Хуже, если любишь того, кто далеко и не любит тебя. Но и тут существует миллион хороших вещей. Какое кино мы любим? Фильмы о несчастной любви и грустных отношениях, которые плохо заканчиваются. Или никак не заканчиваются. Есть в этом какая-то романтика: что-то же нравится нам в этих плаксах и неудачниках! Нам нравится в них странная и, наверное, даже идиотская манера идти до конца. Идти против обстоятельств, логики и чего-то там еще. Мы смотрим, как им плохо, как они сжимают сигареты в зубах, как бегут в никуда под сентиментальные саундтреки. Смотрим и понимаем, что мы на их стороне. Даже если они и проиграют эту войну.

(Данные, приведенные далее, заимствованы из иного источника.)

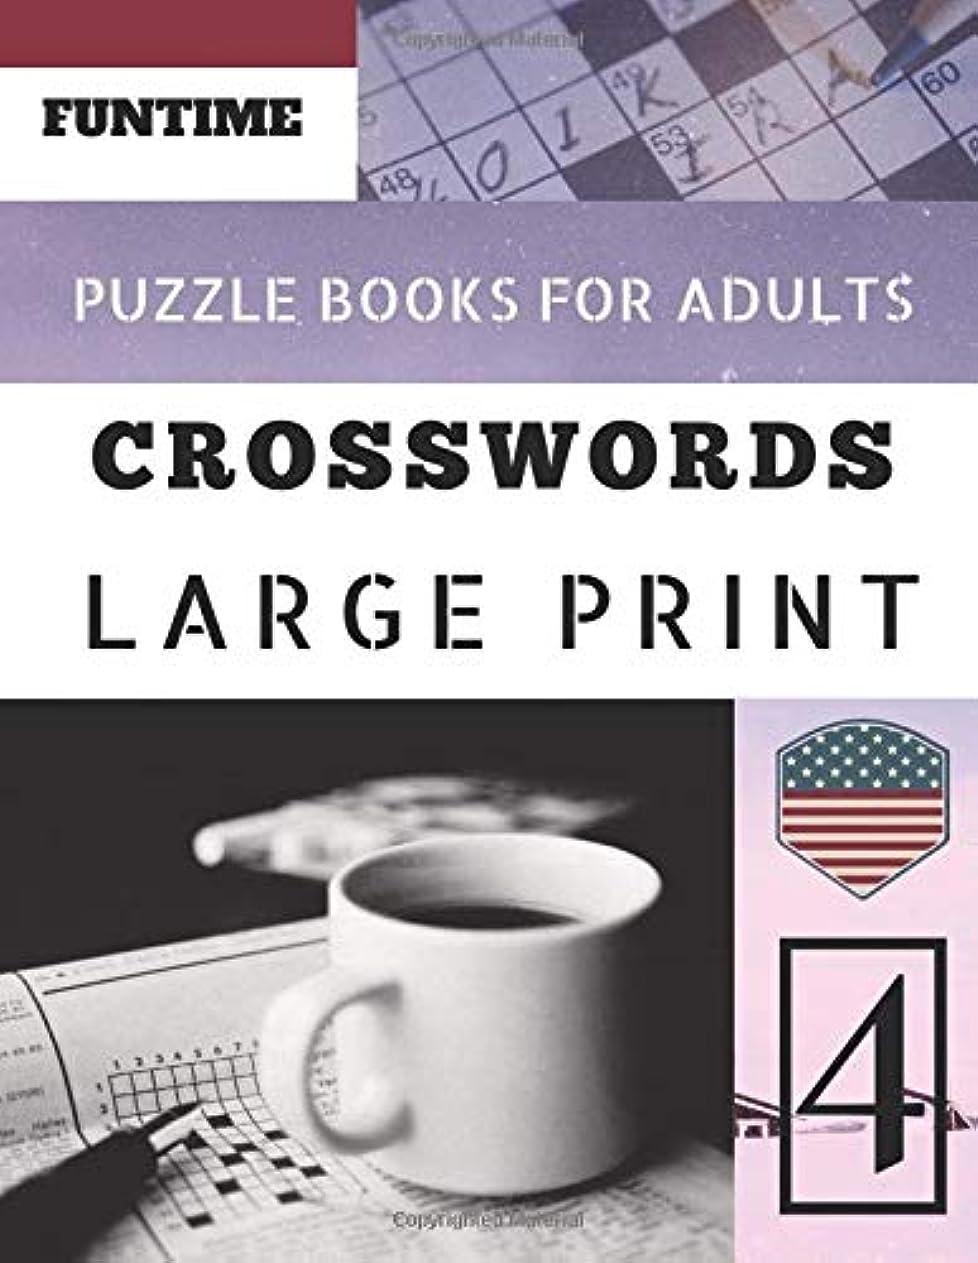 想起有能な谷Crossword puzzle books for adults large print: Funtime 50 Large Print Crosswords Puzzles to Keep you Entertained for Hours (Telegraph Daily mail Quick Crossword Puzzle)

Так вот, когда любишь того, кто далеко и не любит тебя, ты тот самый типец из фильма. И тебя мало интересует, что ты никогда не будешь с ней. Достаточно чувствовать какие-то штуки, названия которым никто еще и не придумал.
Любовь на расстоянии идеальна хотя бы потому, что не требует никаких обязательств. А обманывать себя это, пожалуй, самая честная штука на нашей маленькой глупой планете.
Ну и потом, люди такие красивые. Когда они далеко.
В августе Луис вернулся в Канаду. Занятия в институте закончились — я так и не сдал финальный экзамен. Но не очень и расстроился: хороший повод приехать еще.
Я много гулял по Берлину в те последние дни. Не было смысла, желания и денег напиваться в барах, а потому я чувствовал странную легкость. Как будто сбросил гигантский рюкзак, с которым таскался все лето. И вроде как в рюкзаке этом было много душевного и теплого — того, с чем не очень и хочется расставаться. Но вот избавился от него — и хорошо.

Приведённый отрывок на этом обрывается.